TV: My Three Wives

Bill Paxton heads a unique family in Big Love

Josh Bell

Given HBO's penchant for tackling offbeat families (mobsters, morticians), it was probably only a matter of time before they got around to polygamists, which they do on the new series Big Love (Sundays, 10 p.m.). The show follows suburban dad Bill Henrickson (Bill Paxton), who looks like your average upper-middle-class guy: He owns a small chain of home-improvement stores in the Salt Lake City area, has been married for 16 years to Barb (Jeanne Tripplehorn) and has three children. The difference is that, unbeknownst to all but his closest friends and family, Bill also has two other wives: the sullen, manipulative Nicki (Chloe Sevigny), the daughter of fundamentalist polygamy compound leader Roman (Harry Dean Stanton), and the naïve Margene (Ginnifer Goodwin), who's barely older than Bill and Barb's eldest child.

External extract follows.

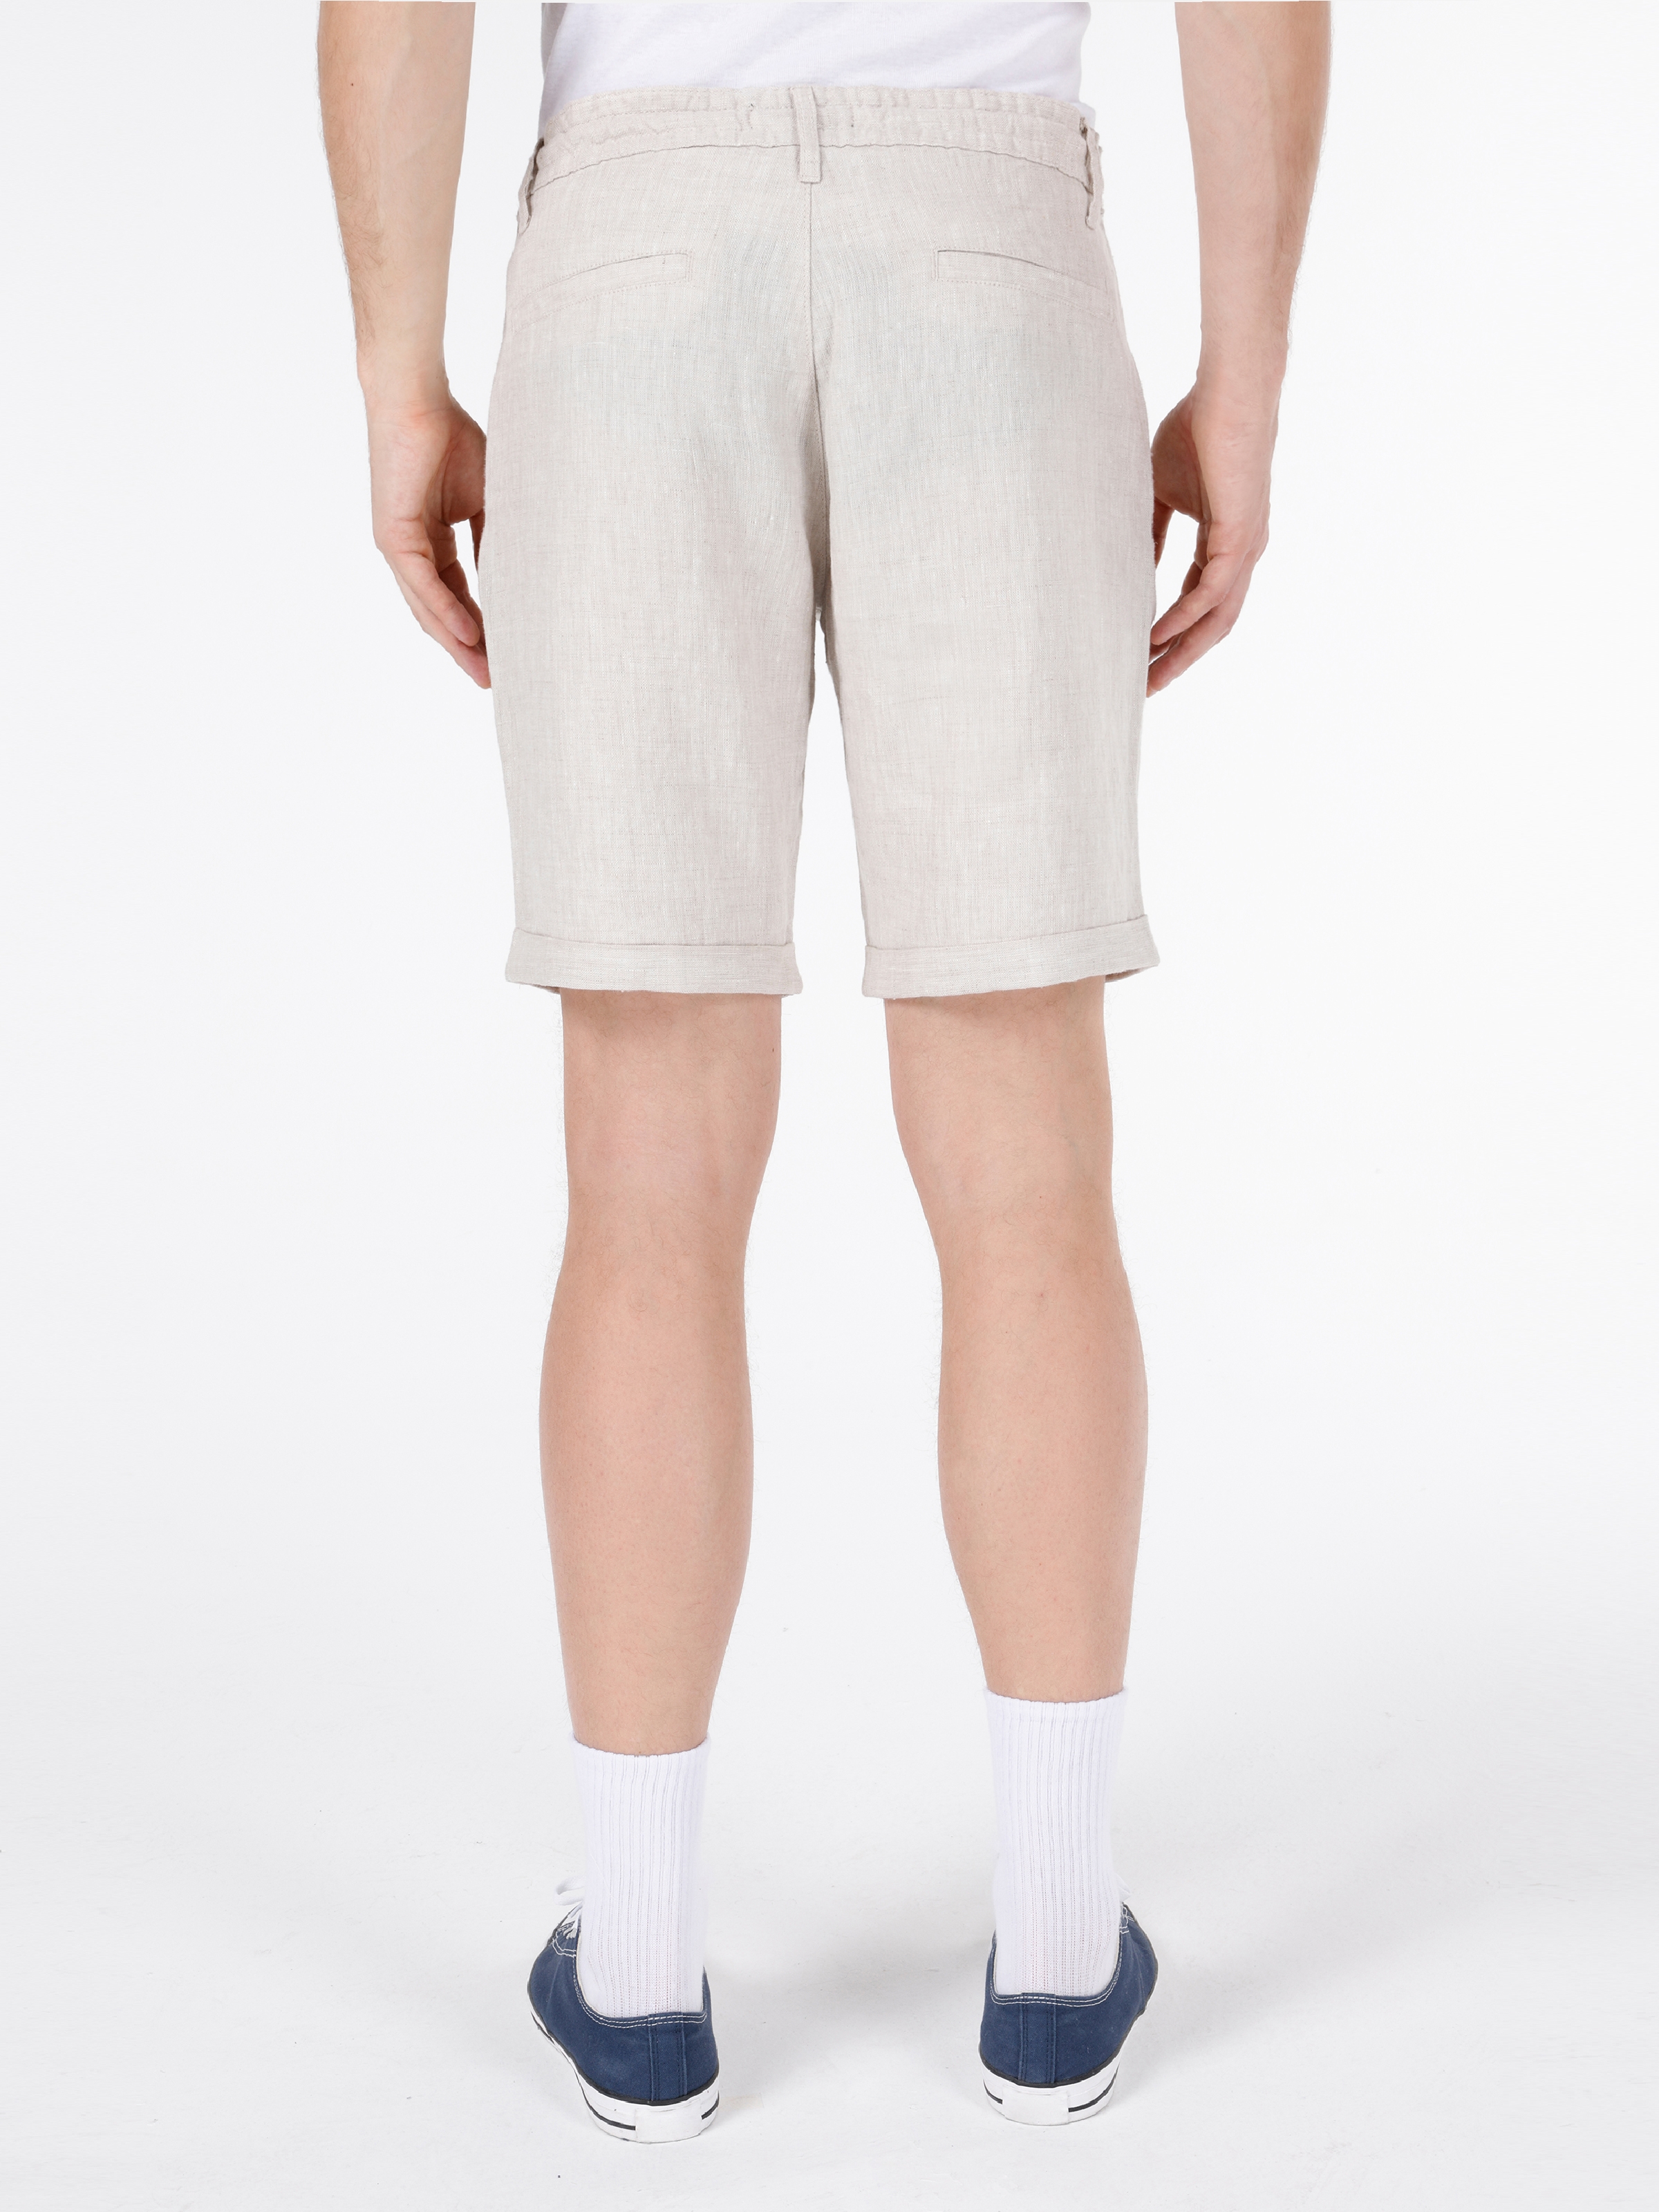 Afișați detalii pentru Short / Pantaloni Scurti De Barbati Alb Regular Fit  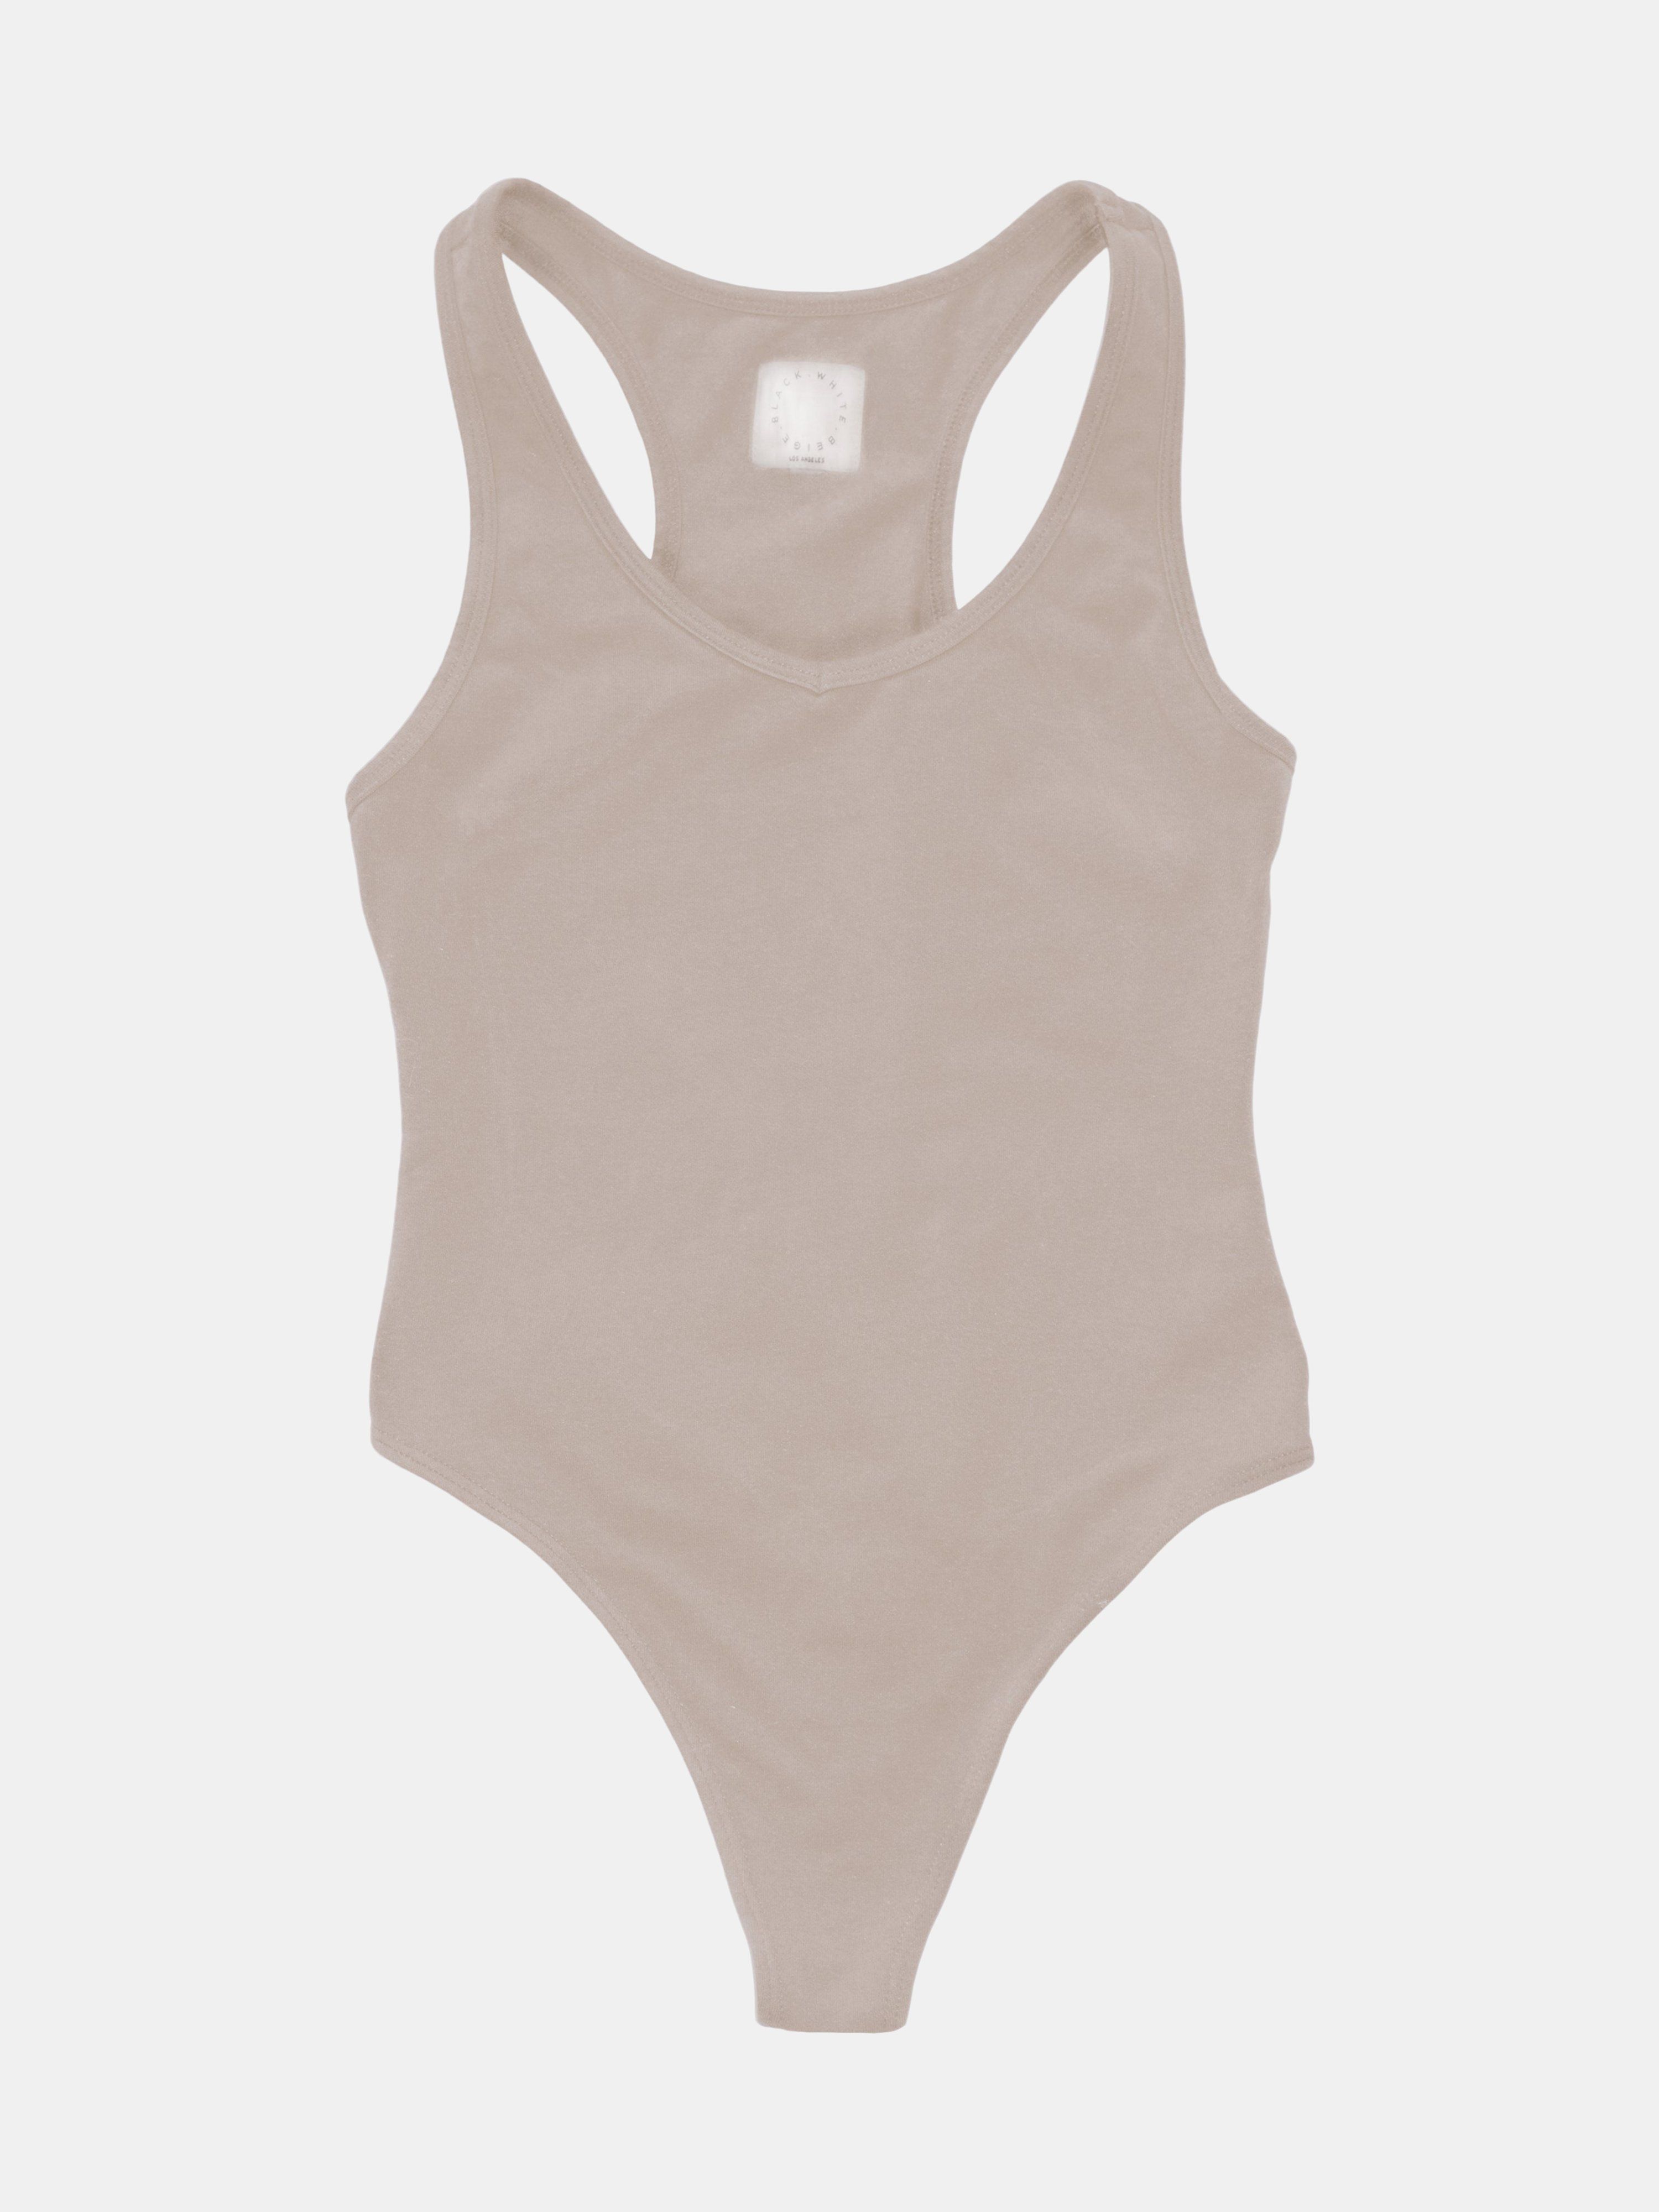 Beige Bodysuit - L - Also in: M, S, XL, XS | Verishop

The families (including two children each for Nicki and Margene) live in adjoining houses but conceal their true nature from the neighbors. They straddle two worlds: rejecting the strong-arm tactics of Roman's cult-like compound (modeled on the polygamists' community of Colorado City, Arizona) for a life more engaged with the outside world while still staying away from the mainstream Mormon church, which sees polygamy as a threat to its legitimacy.


More than anything, what you learn from Big Love is that polygamists have a lot of sex. Bill pops Viagra so that he can please all three of his wives, and his coworker and fellow polygamist urges him to take on a fourth. Beyond his extra-active sex life, though, Bill is a lot like your average family man, and that's what makes Big Love work so well. By positioning the Henricksons outside of both the scary cult and the mainstream Mormons, the show emphasizes the ways that they are just like everyone else. They bicker about typical family stuff and deal with pressures at work and at home, but deep down they really love each other. "We are all here by choice," Barb says in the show's pilot, and it's that mantra that makes Big Love not only a rich family drama, but also a pretty good argument for the acceptance of this non-creepy sort of polygamy.


Like NBC's short-lived Book of Daniel, Big Love sometimes pushes a little too hard to be shocking, but it's buoyed by stellar acting, especially from Tripplehorn as the clan's sometimes reluctant matriarch. HBO fans may have trouble adjusting to a show with no violence and very little swearing or nudity (it's about Mormons, after all), but if Big Love gets a chance to build an audience, it could very well be the channel's next big thing.


Back on the networks, it's business as usual, with three unremarkable new sitcoms making their bows this week. CBS continues its near-monopoly on the tired, predictable, traditional sitcom with The New Adventures of Old Christine (Mondays, 9:30 p.m.; premieres March 13 at 8:30 p.m.), starring Seinfeld alum Julia Louis-Dreyfus as a divorced mother. There's no need to worry that the show will break the Seinfeld curse, which has felled shows by Jason Alexander and Michael Richards. Christine is so trite that you have to wonder if the writers just exhumed scripts from old sitcoms, changed the character names, added a few risqué references and let the cameras roll.


Slightly less rickety are Fox's Free Ride (Sundays, 9:30 p.m.) and The Loop (Thursdays, 8:30 p.m.; premieres March 15 at 9:30 p.m.), which nevertheless suffer from remarkably similar premises. On Free Ride (which had a sneak preview last week), a recent college grad moves back to his Midwestern hometown to figure out what to do with his life. On The Loop, a recent college grad moves to Chicago to work a corporate job and figure out what to do with his life. Both have hard-partying comrades and long-standing crushes on attached women, and the lead actors even look similar. With its semi-improvised structure, Free Ride is a little more entertaining, but both shows end up fairly uninspired.